For InSight, the action will begin Monday, November 26th at around 11:47 am PT (2:47 pm ET). That's when the lander is slated to hit the top of Mars' atmosphere, at an altitude roughly 43 miles above the planet's surface. On contact, the spacecraft will be blazing along at a not-so-cool 5500 meters per second. That's 12,300 miles per hour. At those speeds, the primary concern for NASA's engineers is friction. Mars' atmosphere, which is roughly 100 times thinner than Earth's, plays a vitally important role in InSight's arrival: Bleeding the spacecraft of its kinetic energy. Yet the atmosphere poses a significant threat, as well. The resistance it exerts on InSight's heat shield, a 419-pound enclosure composed primarily of crushed cork, will drive the temperature of the protective barrier to temperatures greater than 2,700 degrees Fahrenheit -- hot enough to melt steel.

1 of 70 comments (clear)

  1. Re:Mars? by Geoffrey.landis · · Score: 5, Insightful

    Wow, didn't we already landed there like 20 years ago first time?

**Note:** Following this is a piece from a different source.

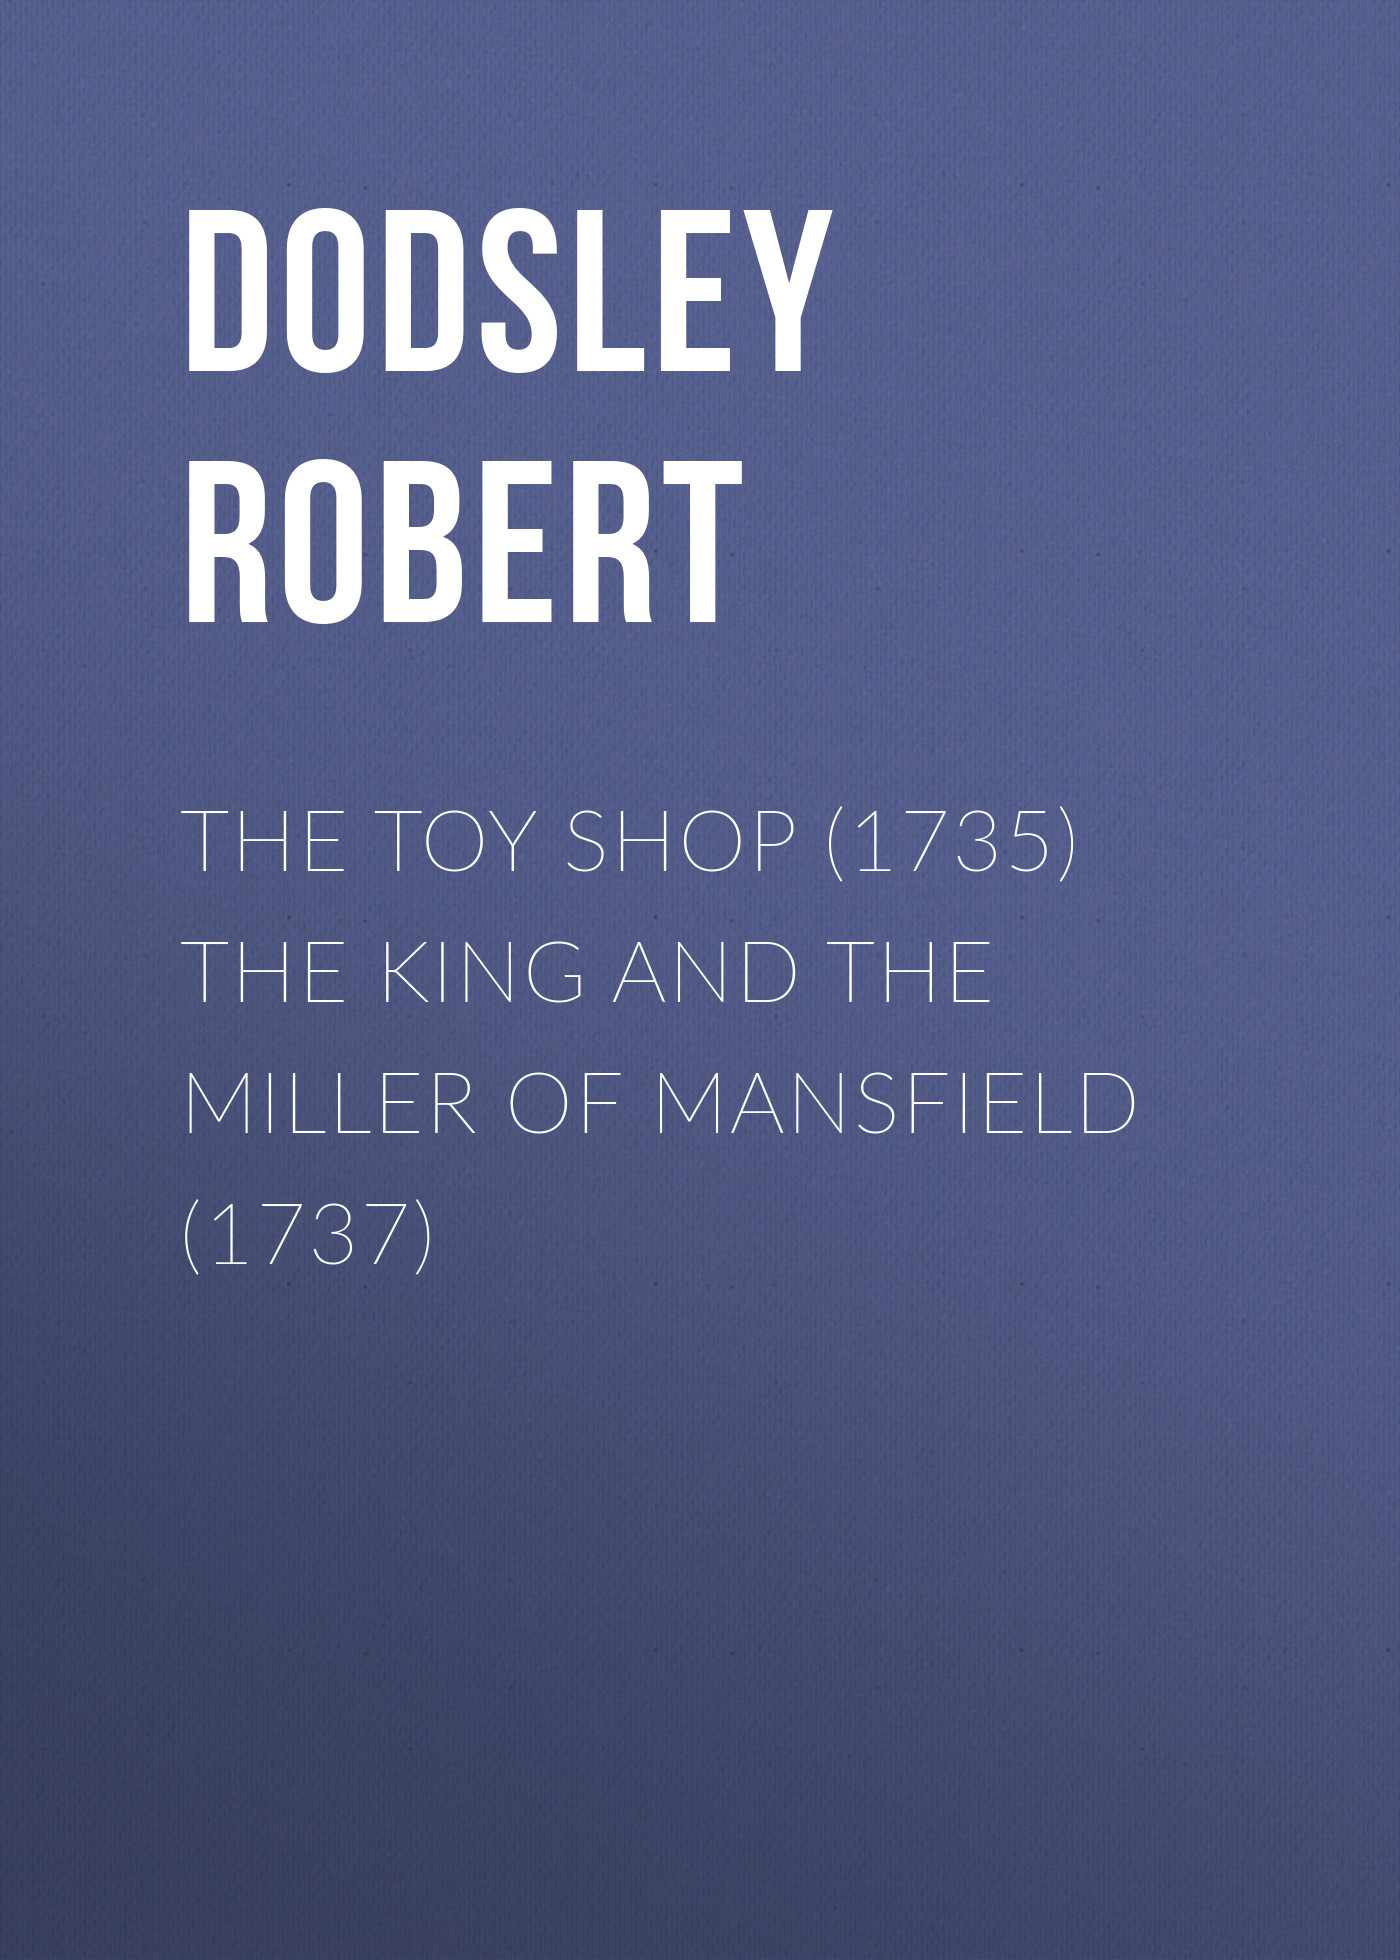 Книга The Toy Shop (1735) The King and the Miller of Mansfield (1737) из серии , созданная Robert Dodsley, может относится к жанру Литература 18 века, Зарубежная старинная литература, Зарубежная классика, Зарубежная драматургия. Стоимость электронной книги The Toy Shop (1735) The King and the Miller of Mansfield (1737) с идентификатором 24619373 составляет 0 руб.
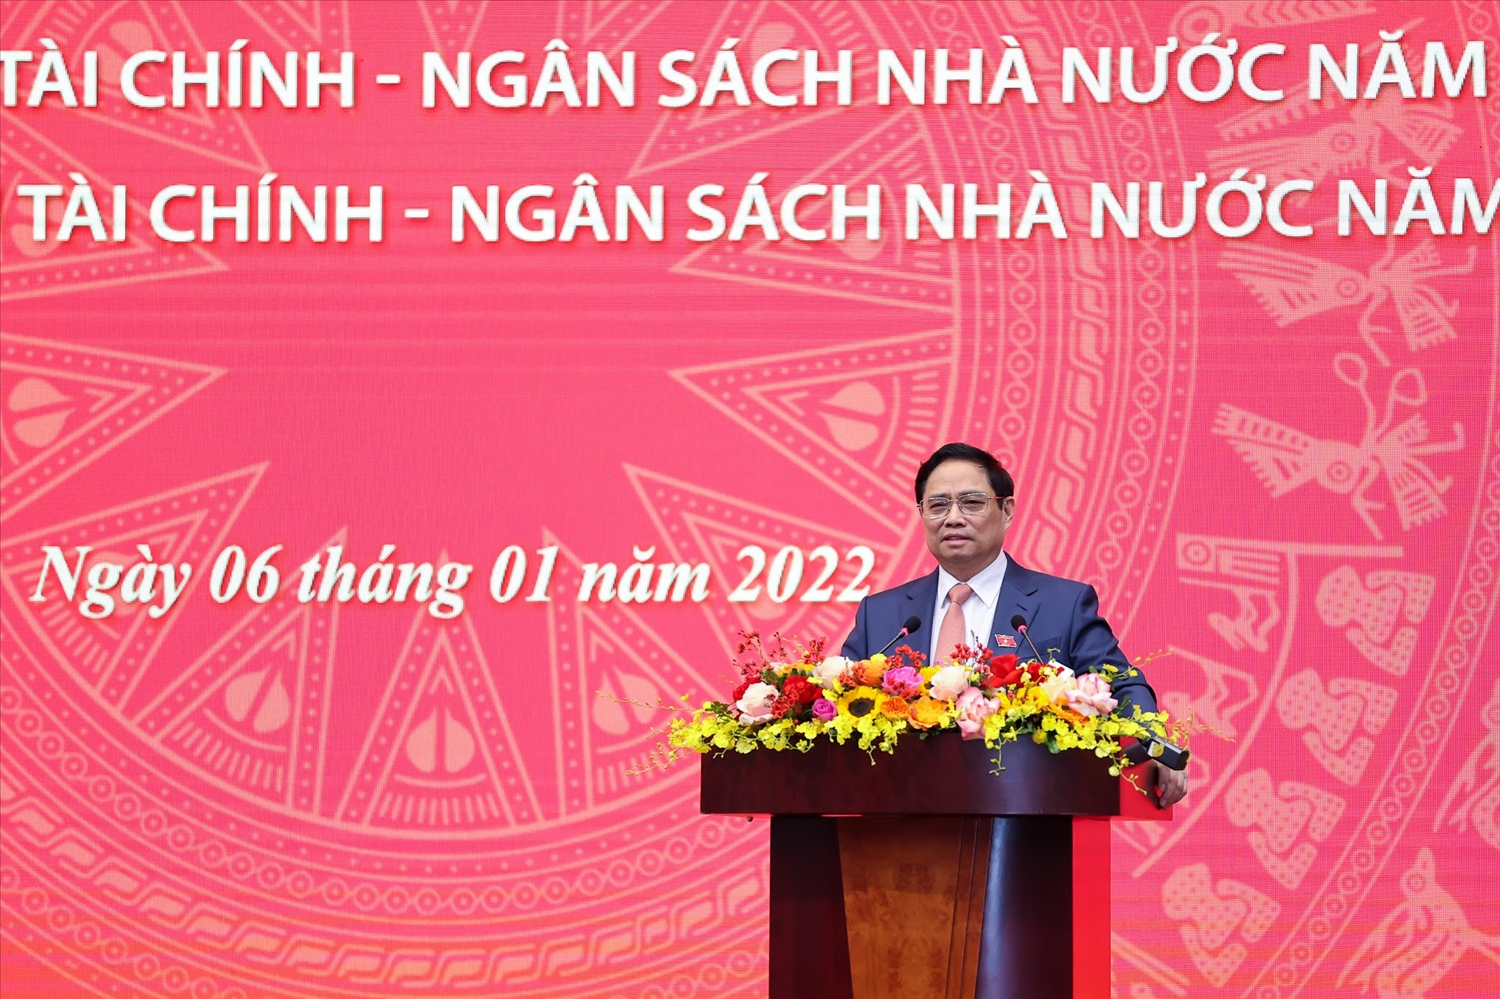 Thủ tướng Phạm Minh Chính nhấn mạnh yêu cầu phải có chính sách khuyến khích thu và tiêu chí phân bổ ngân sách công bằng, minh bạch, chống tiêu cực, chạy chọt. Ảnh: VGP/Nhật Bắc

    Viking, 1976: 42 years ago.

    Should be easy with current tech?

    Easier, perhaps. But not easy.

    NASA's been successful with Mars landings since the loss of Polar lander, and that was 20 years ago. But Mars landings are not easy. For the entire planet Earth, the success rate for missions to orbit or land on Mars is 50% successful, 50% not; with the most recent failure the ESA Schiaparelli EDM lander. So, don't take Mars landings for granted.

    Or it was all massive BS and a lot of Photoshop?

    You know, that isn't really funny, because millions of people actually believe that shit. There really doesn't seem to be any possible satire conspiracy theory so extreme that people don't believe it.